Queries about square roots of matrices in $M(n,\mathbb R)$

Question

For $A \in M(2, \mathbb R)$ , if $A$ has a square root $B \in M(2, \mathbb R)$ , then $\det A=(\det B)^2$ is non-negative ; and if

$s:=\sqrt{\det A}$ ; then using $A^2+s^2I=(trA)A$ , evaluating $(A+sI)^2=(2s+trA)A$ and

$(A-sI)^2=(trA-2s)A$ , I can calculate the square root of $A$ . But can this method be extended

to higher order matrices ? For higher order matrices , if the matrix is diagonalizable say

$A=XDX^{-1}$ where $D$ is the diagonal matrix , then we can find a square root $S$ of $D$ taking the

real square roots of the diagonal entries of $D$ if this diagonal entries are non-negative , then

$XSX^{-1}$ is a square root of $A$ ; but what if a diagonal entry is negative ? More fundamentally ,

when can we say that a square root of $A \in M(n,\mathbb R)$ exists in $M(n,\mathbb R)$ ?

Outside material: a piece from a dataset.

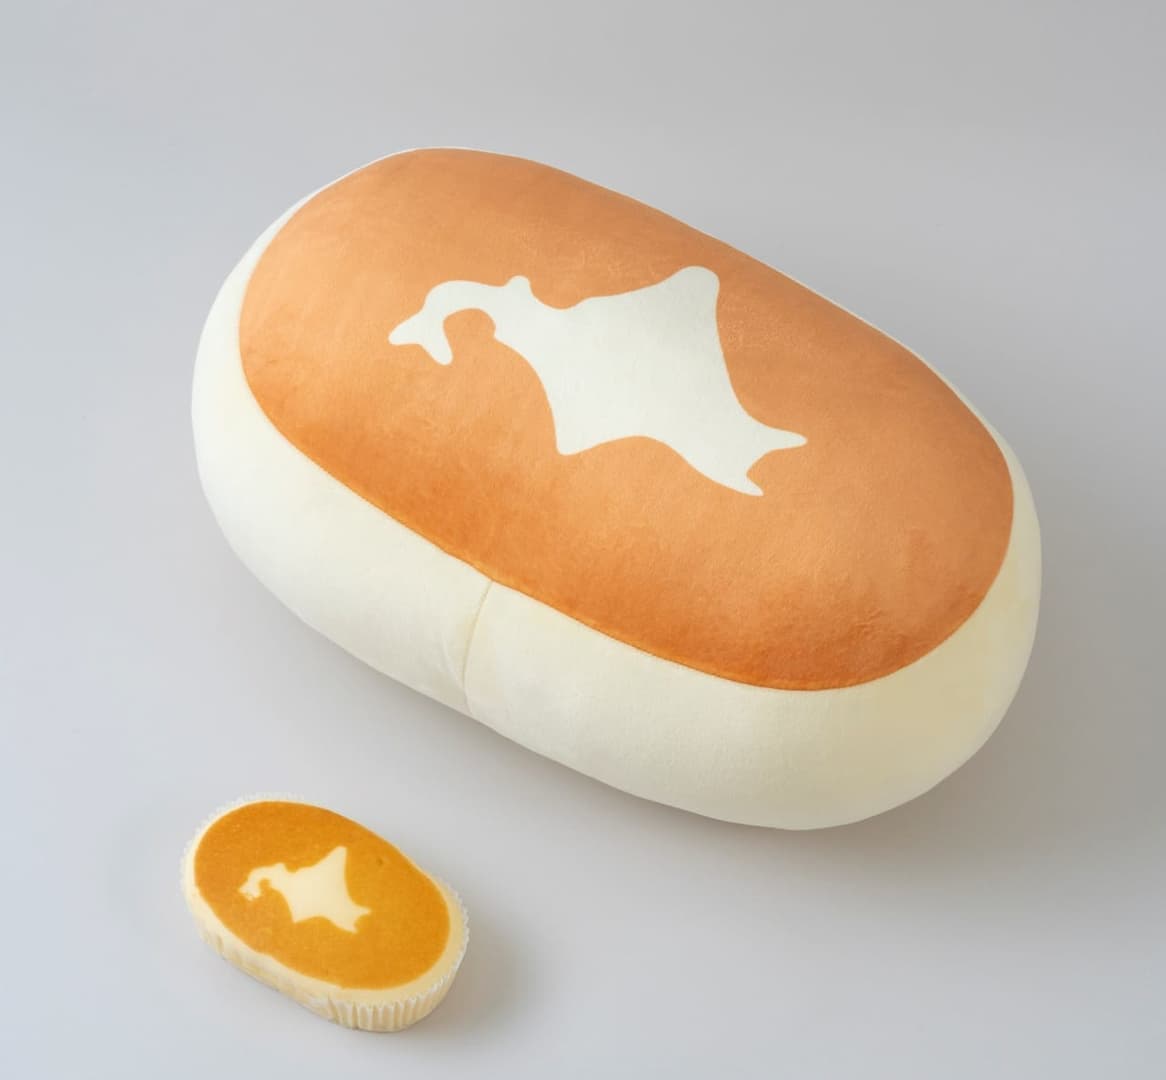 「北海道チーズ蒸しケーキ」のビッグなぬいぐるみが付属するムック本が発売へ_003

For an answer with references see here. – Dietrich Burde Feb 25 '15 at 15:23 — Dietrich Burde, Feb 25 '15 at 15:23

user1551 · Answer 1 · 2019-10-21T15:46:33.863

Let $A$ be a real square matrix of size $n$. The following statements are equivalent (cf. the answers of loup blanc and mine in "Writing real invertible matrices as exponential of real matrices"):

$A$ has a real logarithm, i.e. $A=e^X$ for some real matrix $X$.
$A$ has a nonsingular real square root, i.e. $A=B^2$ for some nonsingular real matrix $B$.
$A$ is nonsingular and in its (complex) Jordan normal form, every Jordan block corresponding to a negative eigenvalue occurs an even number of times.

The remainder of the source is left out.